5. WR: MYSTERIES OF THE ORGANISM. Director Dusan Makavejev has lived in exile ever since his groundbreaking 1971 film, WR: Mysteries of the Organism, was indicted as "ideologically harmful" in his native Yugoslavia and he was officially banned from making films there. Thirty years later, with Serbian leader Slobodan Milosevic stewing in a Yugoslav prison, WR has lost little of its incendiary power, as Facets’s recent rerelease of the film (and five other equally astonishing Makavejev titles) demonstrates. Alternately standing for World Revolution and for Wilhelm Reich, the controversial psychoanalyst who believed that suppression of the orgasm leads to neuroses – of which fascism is but an extreme variation – WR remains one of history’s most subversive films both in form and content. Deftly intercutting documentary footage from a variety of sources with a more traditional narrative about a Yugoslav woman’s obsession with a frigid Russian figure-skating star, WR is a classic example of intellectual montage.

6. BERLIN: CITY OF STONES. Jason Lutes’s Berlin: City of Stones, Book One, (Drawn & Quarterly, $15.95, drawnandquarterly.com) collates the first eight of 24 installments of the Seattle-based comix artist’s epic, tender undertaking: a provisional topography of the German capitol at the onset of Nazi rule, painstakingly rendered in delicate pen strokes, lovingly embracing the quotidian disparate characters from many social strata, slipping through the lives and dreams of everyday souls in an incendiary time and redeeming them from history’s most banal clichés.

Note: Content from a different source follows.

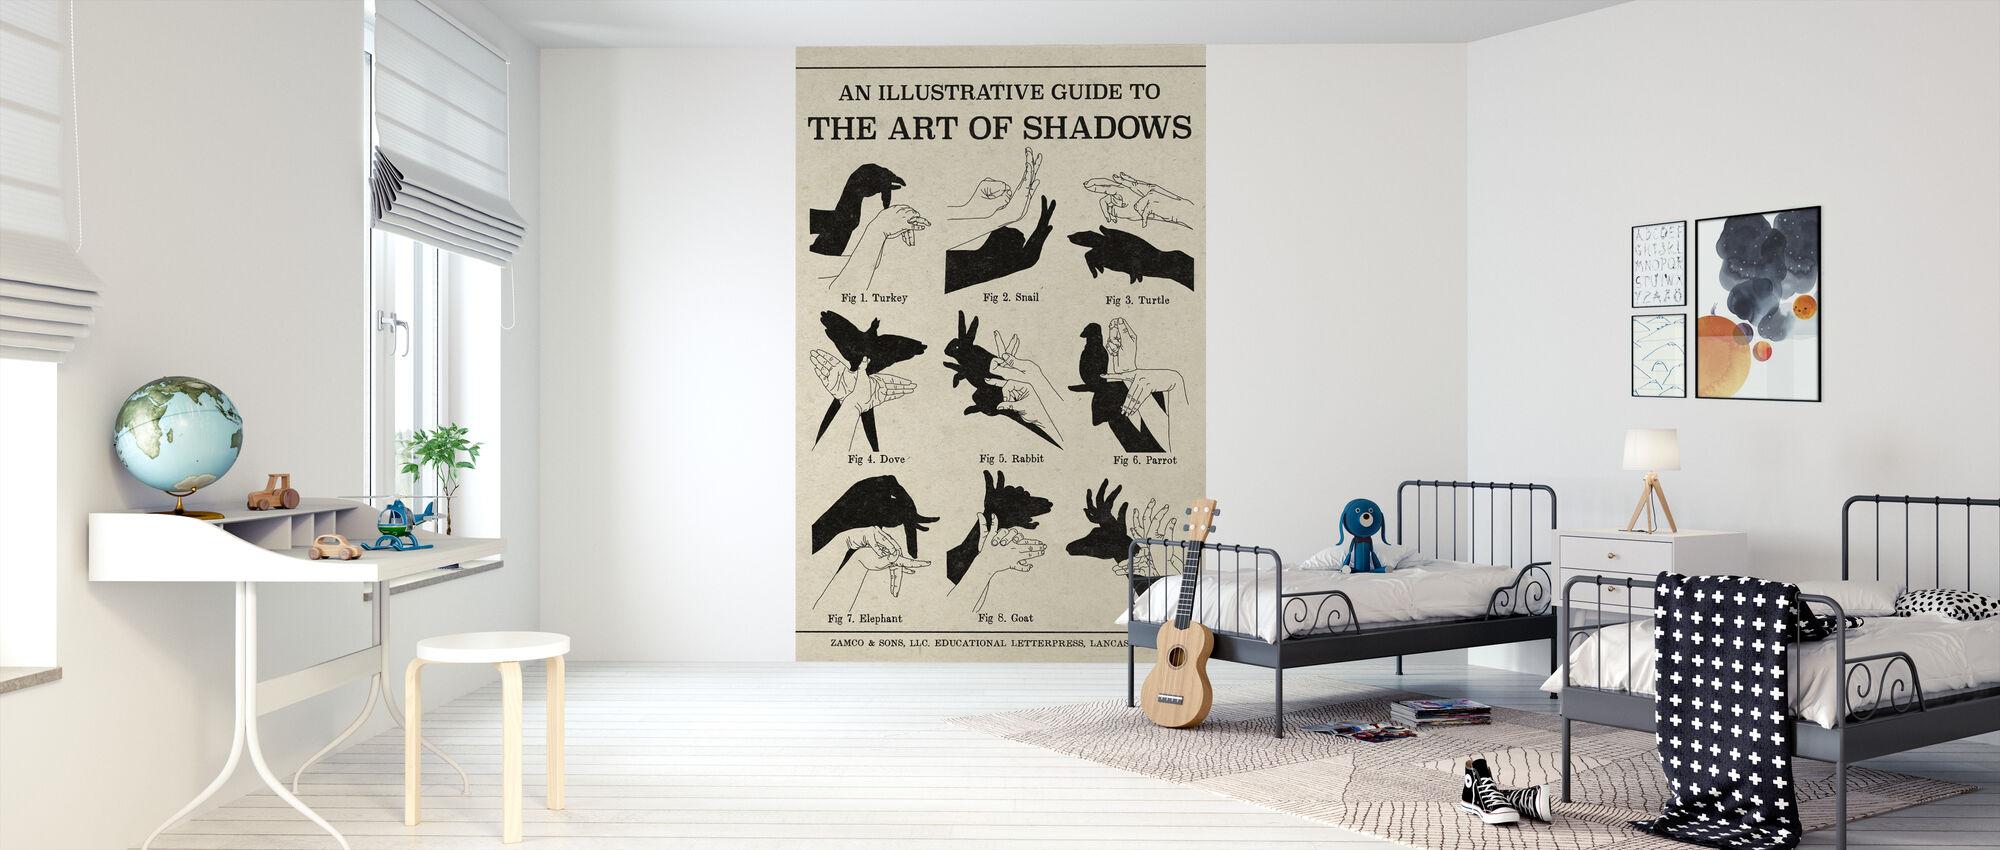 The Art of Shadows - Wallpaper - Kids Room

7. MAJESTIC. In a world in which the concept of privacy is subjected to its own digital relativism, gaming behemoth Electronic Arts this spring premieres the game of the future – or, perhaps, 1997. Loosely based on David Fincher’s The Game, Majestic is an online entertainment that, for $9.99 a month, takes players through a narrative adventure by bombarding them with e-mails, Instant Messages, faxes and even threatening telephone calls. Players can preset the game’s "adjustable realism settings" to make its communications clearly "game-like" or else, like the Michael Douglas film, of creepily indeterminate authenticity. For more on Majestic, visit Electronic Arts’s Web site (www.majestic.ea.com), which thoughtfully answers such questions as "Majestic will know a lot about me – is my personal information secure?" and "What if I’m nervous about getting threatening phone calls and mysterious faxes from the game? Can I turn it off?"

8. AESTHETIC NIHILISM. Follow a link from famed filmmaker Kenneth Anger’s Web site (kennethanger.com), or go directly to Aes-Nil Productions (holyterror.com/aesnihil), and delve into the "mass schizophrenic breakdown at the end of the second millenium A.D."